However, the enforcement paths of these two federal agencies differ markedly. DOJ pursues all aspects of its enforcement actions in the federal court system. The FTC, on the other hand, only uses the federal district courts to seek injunctive relief, but otherwise follows its own internal administrative process that combines the investigatory, prosecutorial, adjudicative, and appellate functions within a single agency.
Whether a transaction is subjected to DOJ or FTC review is determined by a “clearance” process with no public visibility. To many, including entities in the health care industry—and, in particular, parties to hospital mergers that are now routinely “cleared” to the FTC (exemplified by two recently filed enforcement actions against hospitals in New Jersey and Utah)—this process appears to be arbitrary. It is also particularly daunting because the FTC has not lost an administrative action in over a quarter-century. Because of the one-sided nature and duration of these administrative proceedings, most enforcement actions brought against merging hospitals rise or fall at the injunctive relief stage. This process also appears to embolden the FTC into taking unprecedented actions, including the pursuit of enforcement remedies against parties to abandoned transactions.
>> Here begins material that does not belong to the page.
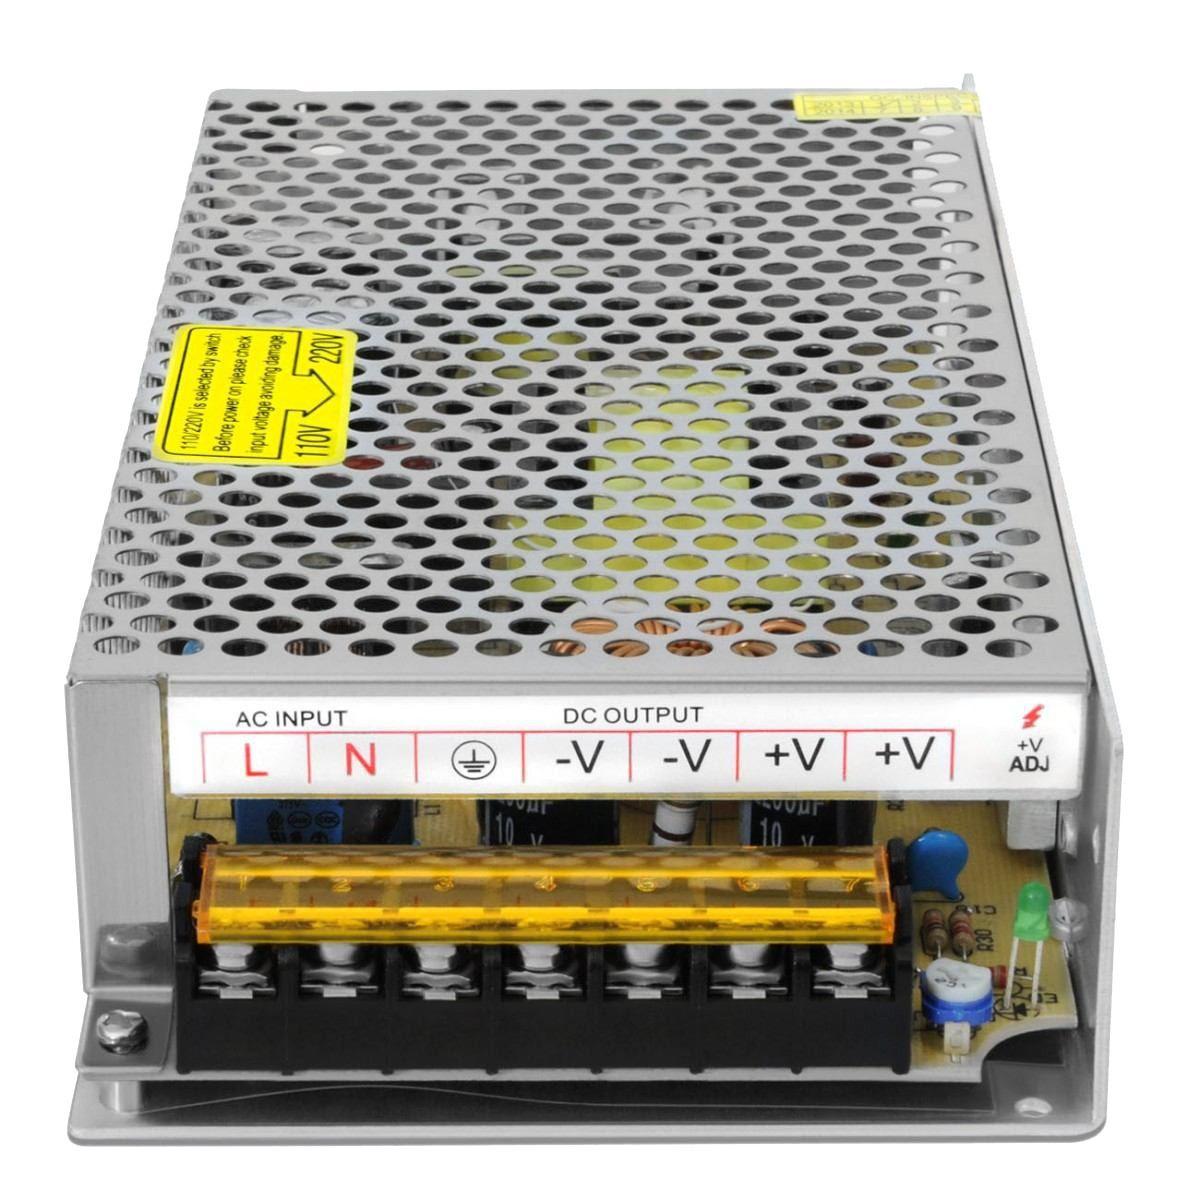 Kit Cftv 32 Câmeras Intelbras 1010b + Dvr 5em1 1032 + Hd 4tb
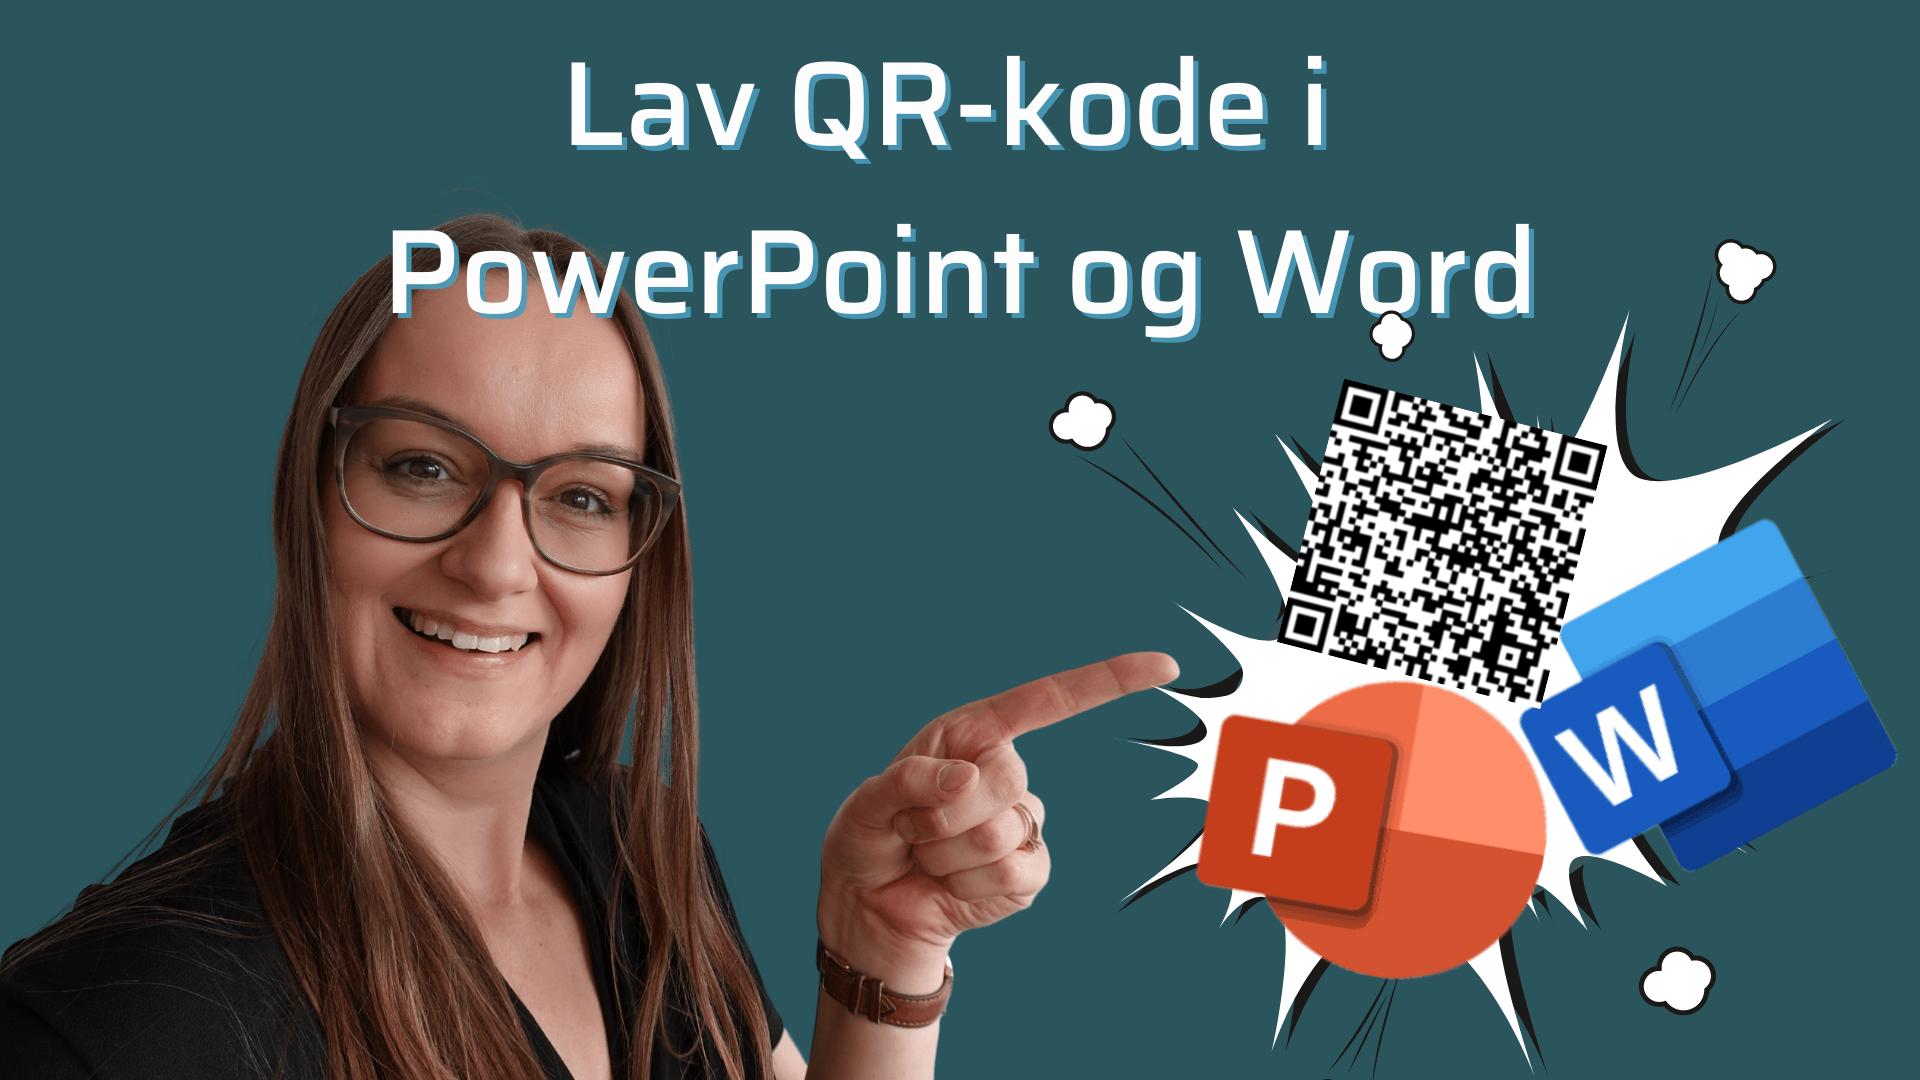 LAv en gratis QR kode i Powerpoint eller word

However, this may soon change. The Supreme Court of the United States has agreed to hear a case that raises a forceful constitutional challenge to the FTC’s structure and procedures. The Supreme Court recently agreed to combine the briefing schedule of this case with a similar case that successfully challenged the constitutionality of the administrative process of the Securities and Exchange Commission. The outcome of these cases may fundamentally alter the FTC’s enforcement process.